* _What is expected_: A faithful copy of the data is what is wanted, minus any pictures.
▽
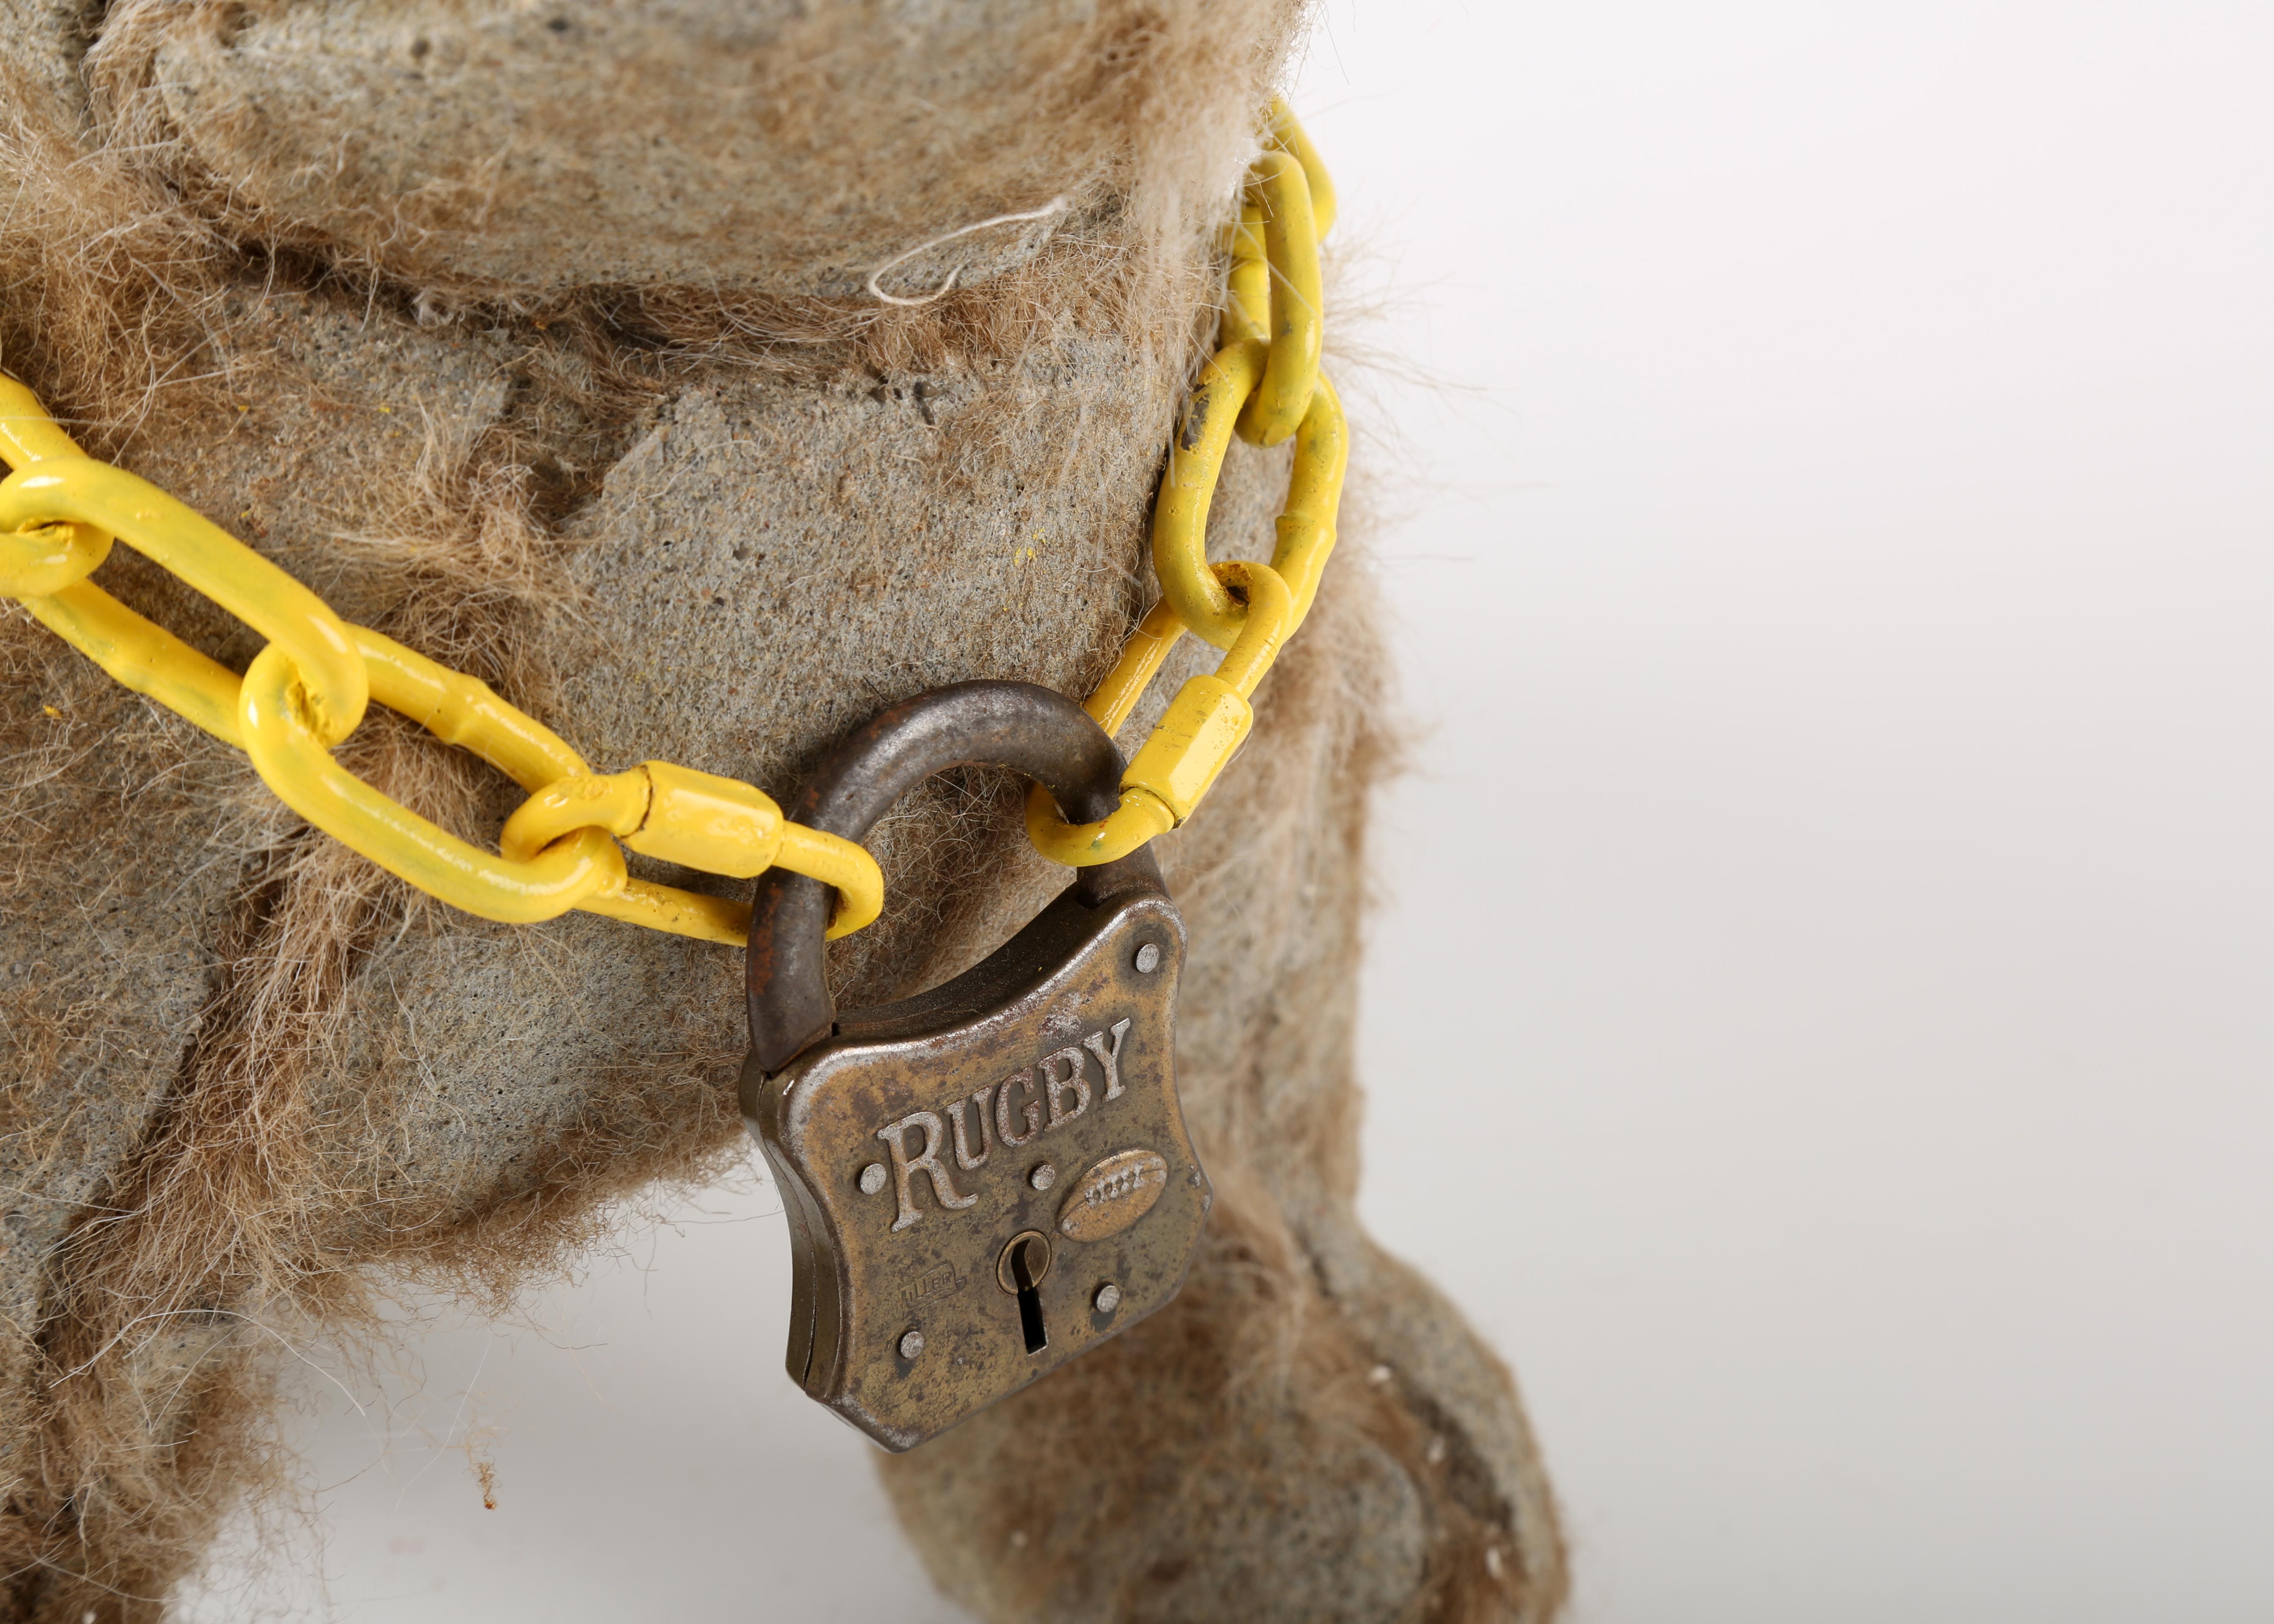 Ross Bonfanti
Rugby with yellow chain, 2015
Concrete, mixed media
15 1/2 x 17 x 10 inches  (39.4 x 43.2 x 25.4 cm)
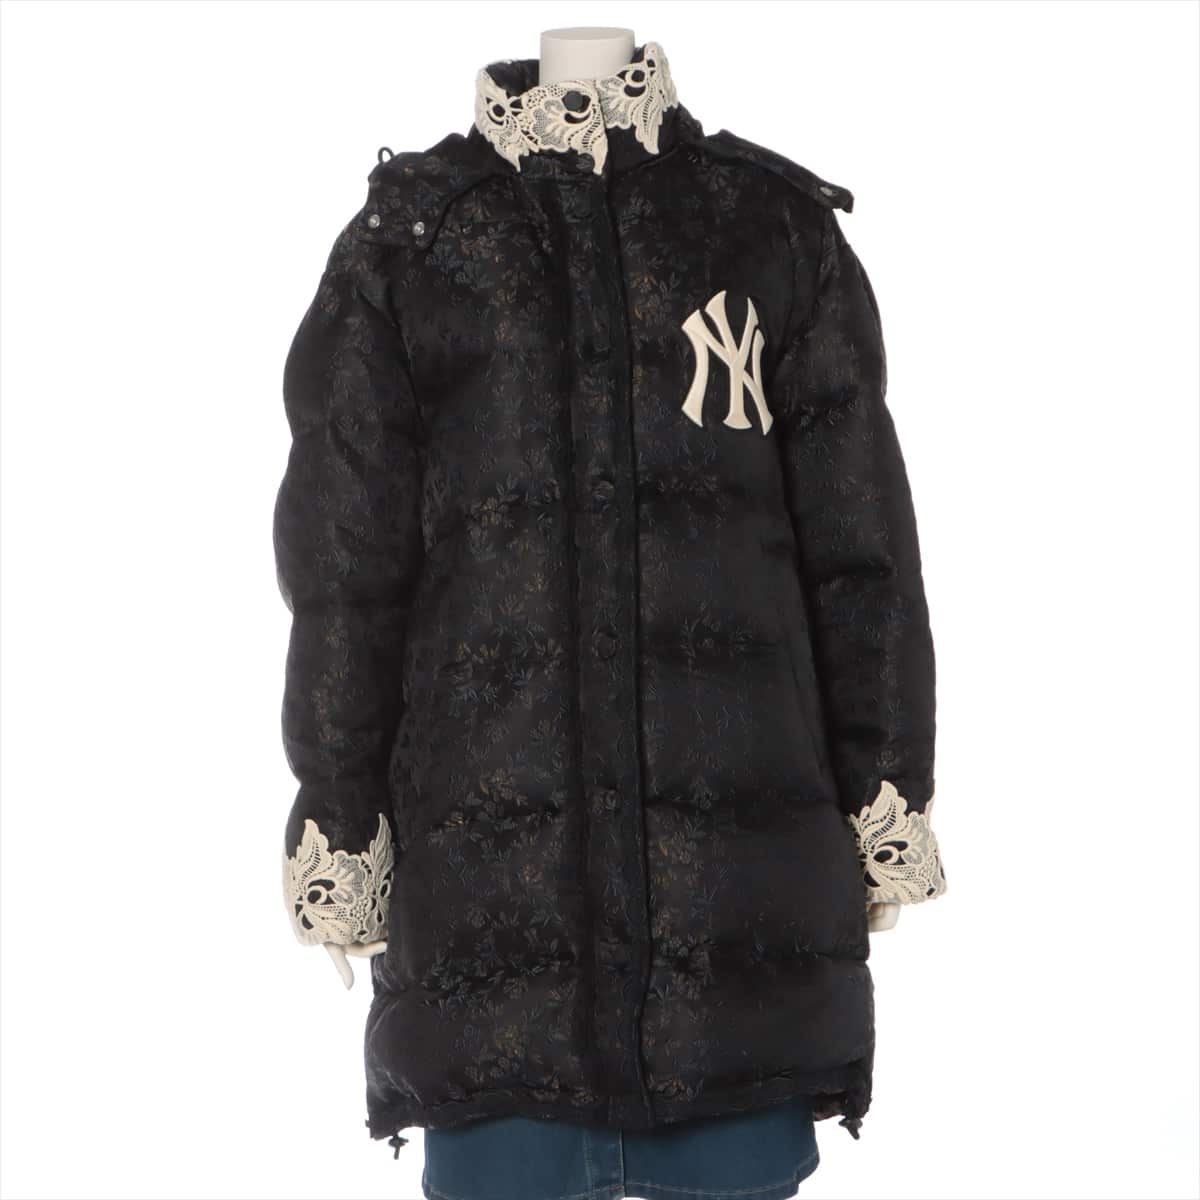 Gucci Acetate Down coat 36 Ladies' Black  NY Yankees embroidery
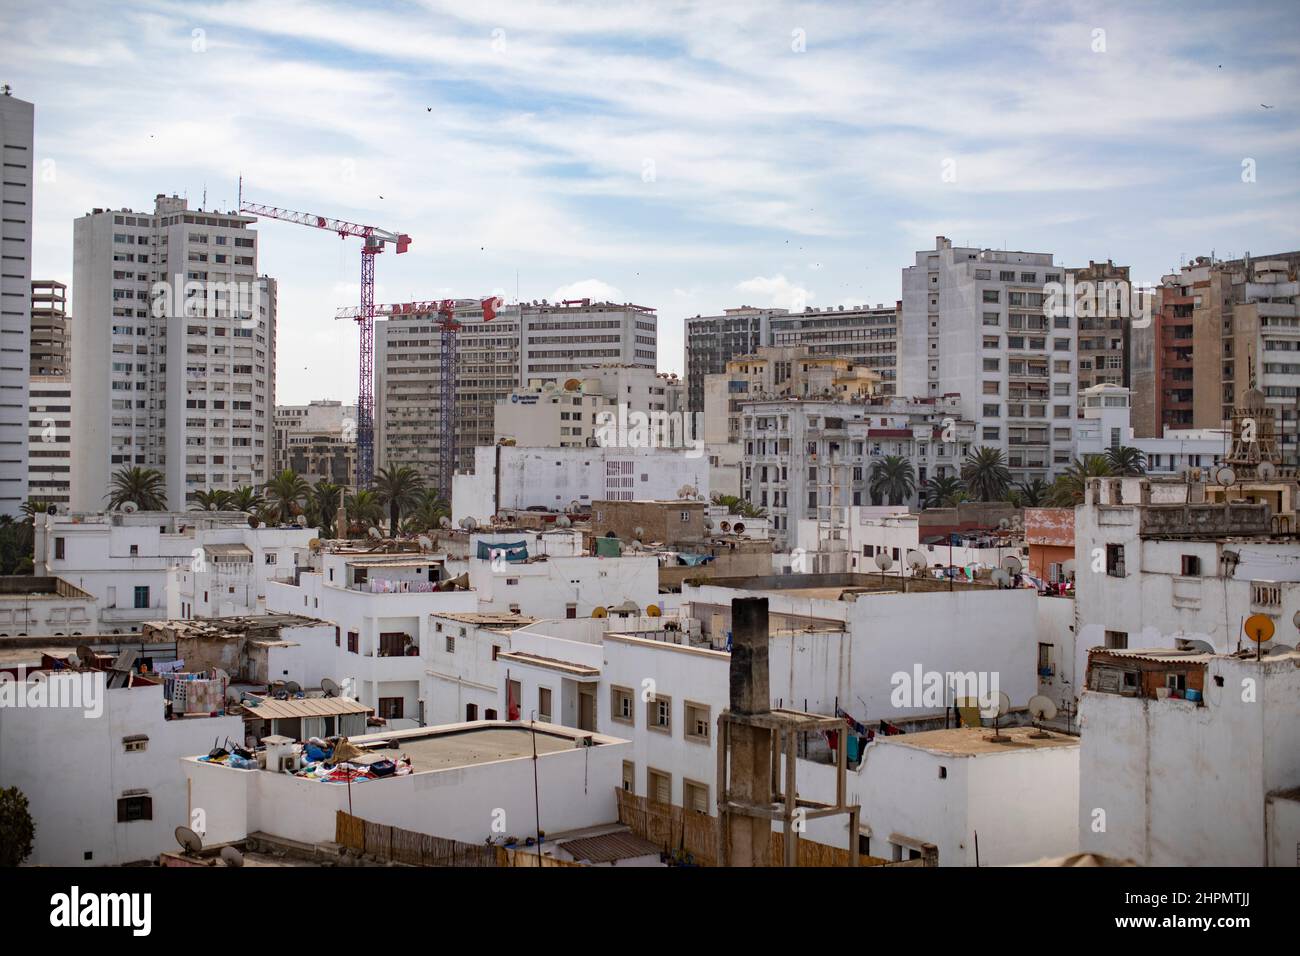 Casablanca, Morocco. September, 2019 - photo by Jake Lyell for the IMF. Stock Photo
△
* _Response below_:
 Ross Bonfanti
Rugby with yellow chain, 2015
Concrete, mixed media
15 1/2 x 17 x 10 inches  (39.4 x 43.2 x 25.4 cm)
 Gucci Acetate Down coat 36 Ladies' Black  NY Yankees embroidery
 Casablanca, Morocco. September, 2019 - photo by Jake Lyell for the IMF. Stock Photo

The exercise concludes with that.